Writing in his latest book Islamic State – The Digital Caliphate, the distinguished Palestinian author and journalist Abdel Bari Atwan devotes a chapter to explaining the significance Management Of Savagery has in driving the ideology behind the group that today calls itself Islamic State (IS). Atwan outlines how Naji’s essay discusses the role of extreme violence in the three-stage process of re-establishing the caliphate.
A “stage of vexation and exhaustion” is followed by “the administration of savagery” and, finally, “the establishment of the Islamic State”. If the first stage, “vexation and exhaustion”, refers to the wearing down militarily of the superpowers then the second stage, “administration of savagery”, sees the jihadist army dismiss anything that stands in its way. These two stages lead to the creation of the jihadists’ primary goals and ultimately the existence of the Islamic State.
Picking up a newspaper or turning on the television news it is difficult today to avoid headline stories about the latest activities of IS. It was just over a year ago on extremist websites that a short audio recording was released by IS in which its leader, Abu Bakr al-Baghdadi, declared a new caliphate. Today whether one accepts or rejects that such a caliphate exists, there is no getting away from the fact that IS now controls a swathe of territory across Iraq and Syria of well over 125,000 square miles, inhabited by some six million people. Many of these people of course would wish to be anywhere other than at the mercy of IS diktats.

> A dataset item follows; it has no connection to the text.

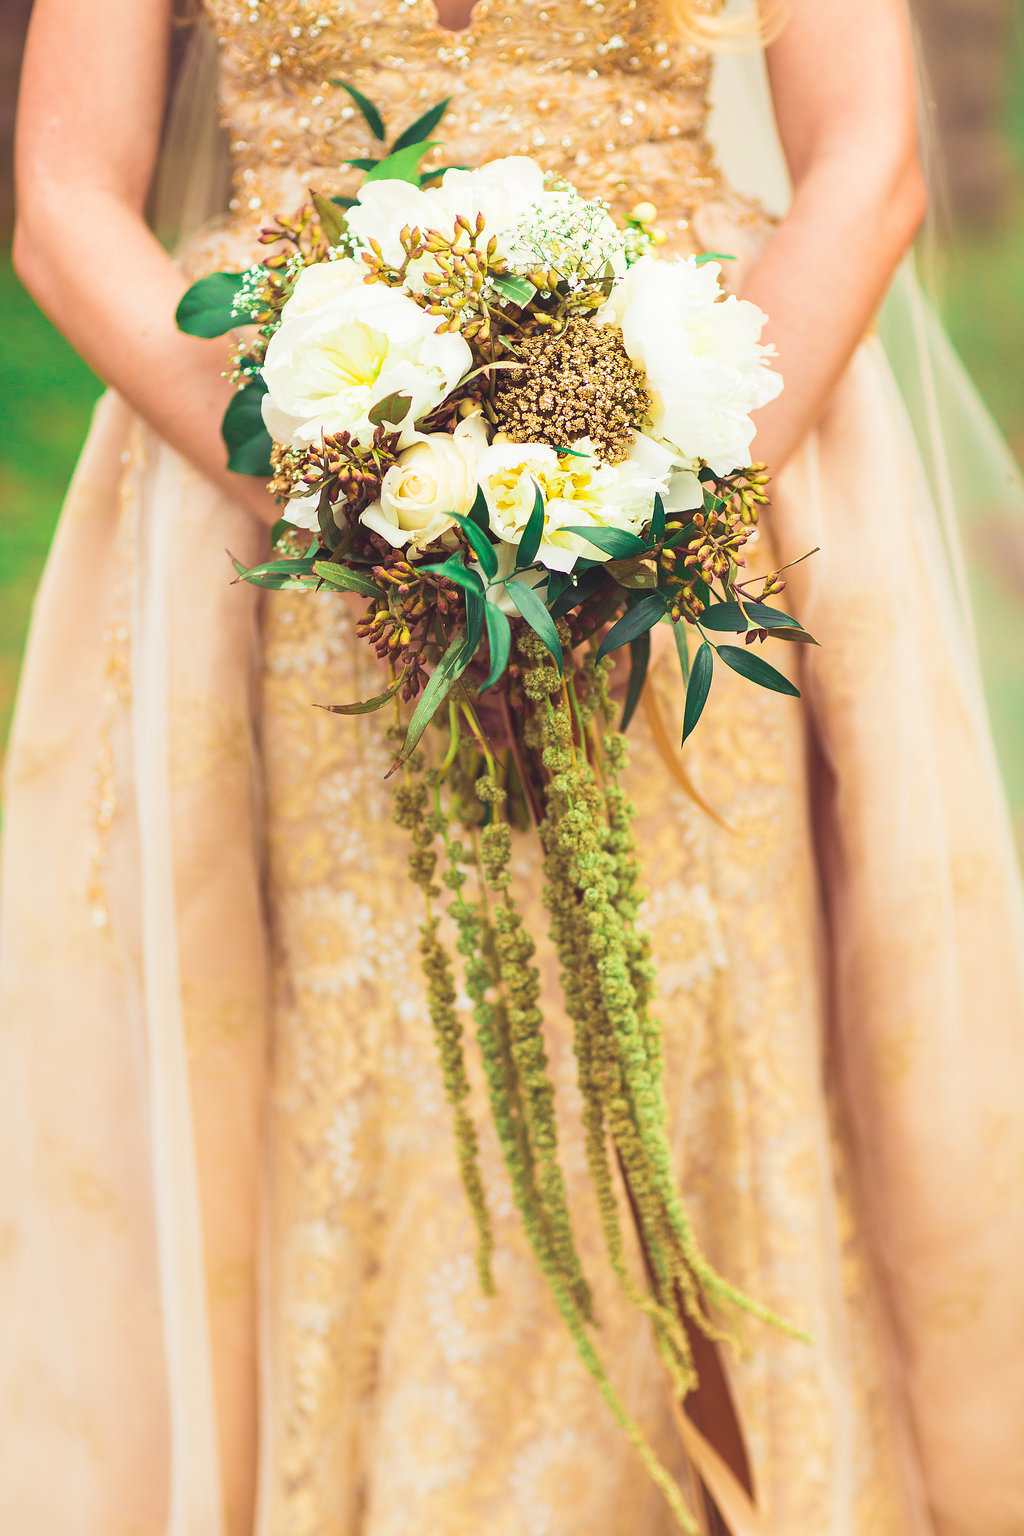 Wedding Photograph Of Bride in Wedding Gown Holding a Wedding Bouquet  Los Angeles
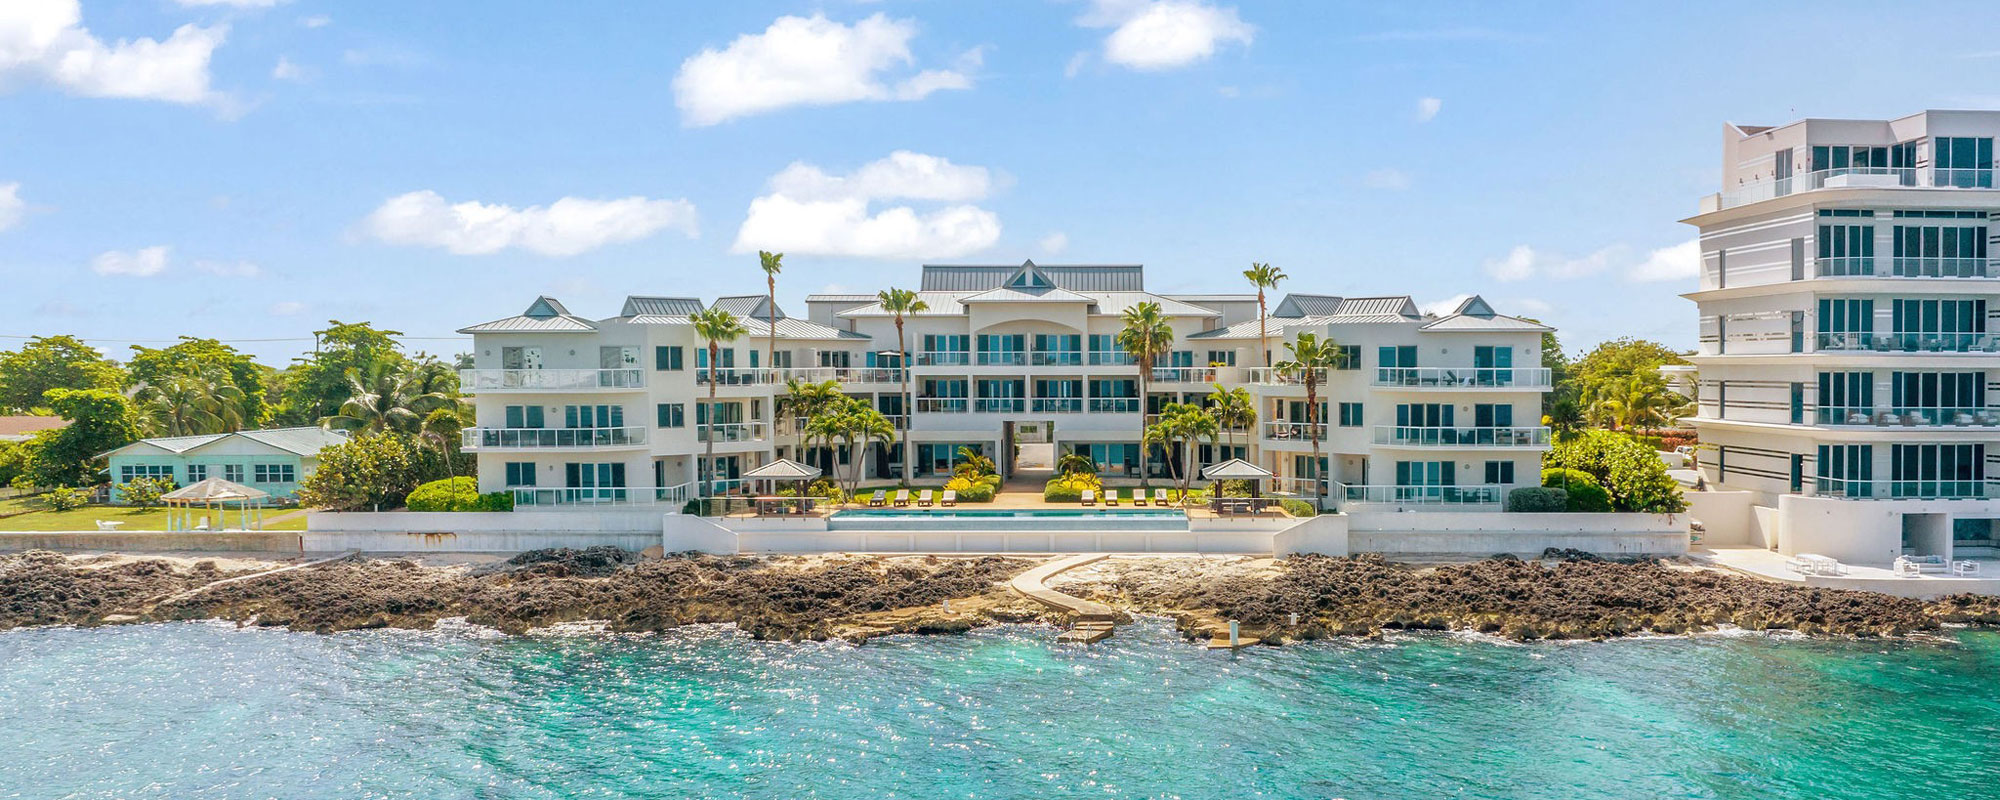 Golden Visa Real Estate Investment in the Cayman Islands

As the latest dangerous manifestation of the global jihadist movement set in train by Osama bin Laden and Ayman al Zawahiri towards the end of the 1990s, it would be hard to refute the fact that IS has gone some considerable way to seeing through its three-stage evolution towards the creation of its caliphate. Along the way its management of savagery certainly has never been in doubt. Countless beheadings, crucifixions, the burning alive or throwing of people from high buildings have all too graphically confirmed this to a world that looks on aghast.
But if savagery represents one significant strand in IS strategy, so too by contrast does its sophisticated use of digital technology in delivering its message to the same horrified world. This is what lies at the narrative core of Atwan’s latest offering on the labyrinthine mechanisms that shape events in the Middle East and Islamic world.
Like Atwan’s other works the research that backs up his discourse is impeccable and authoritative. When marshalled to make a point it is presented with a clipped clarity that reminds the reader of his verbal delivery during broadcast appearances on programmes like the BBC’s Dateline London. This is an author who writes as he speaks, robustly and with a sense of surety about the material at his disposal. This is all the more welcome for the lay reader who understandably is often daunted by the factionalism, acronyms and alphabet soup that frequently accompany accounts of extremist groups in this region. To that end, for example, Atwan drops in very useful ‘mini guides’ along the way, such as a summarised Map of the Syrian Opposition, reminding readers of key groups and players.
Far and away the main thrust of this book and its greatest intrigue, though, lie in its insights into the remarkable and powerful use of digital technology IS have deployed alongside an ideology that embraces medieval barbarism. In an odd way the incongruity of this reminds me of something I encountered some years ago during a visit to Cambodia. There in the country’s capital, Phnom Penh, I visited the Tuol Sleng Genocide Museum which was once a notorious torture and interrogation prison run by the extremist communist Khmer Rouge.
The Khmer Rouge, like IS, was notoriously barbaric in their implementation of ‘Year Zero’, their version of a ‘caliphate’ where people were compelled to accept a culture, traditions and belief systems that, in the case of the Khmer Rouge, eschewed the trappings of modern life, be it cars, refrigerators or the wearing of spectacles. In a bizarre twist to this, many of those who became victims at Tuol Sleng for breaching this diktat were recorded on film by their Khmer Rouge captors who saw no irony in using modern state-of-the-art cameras.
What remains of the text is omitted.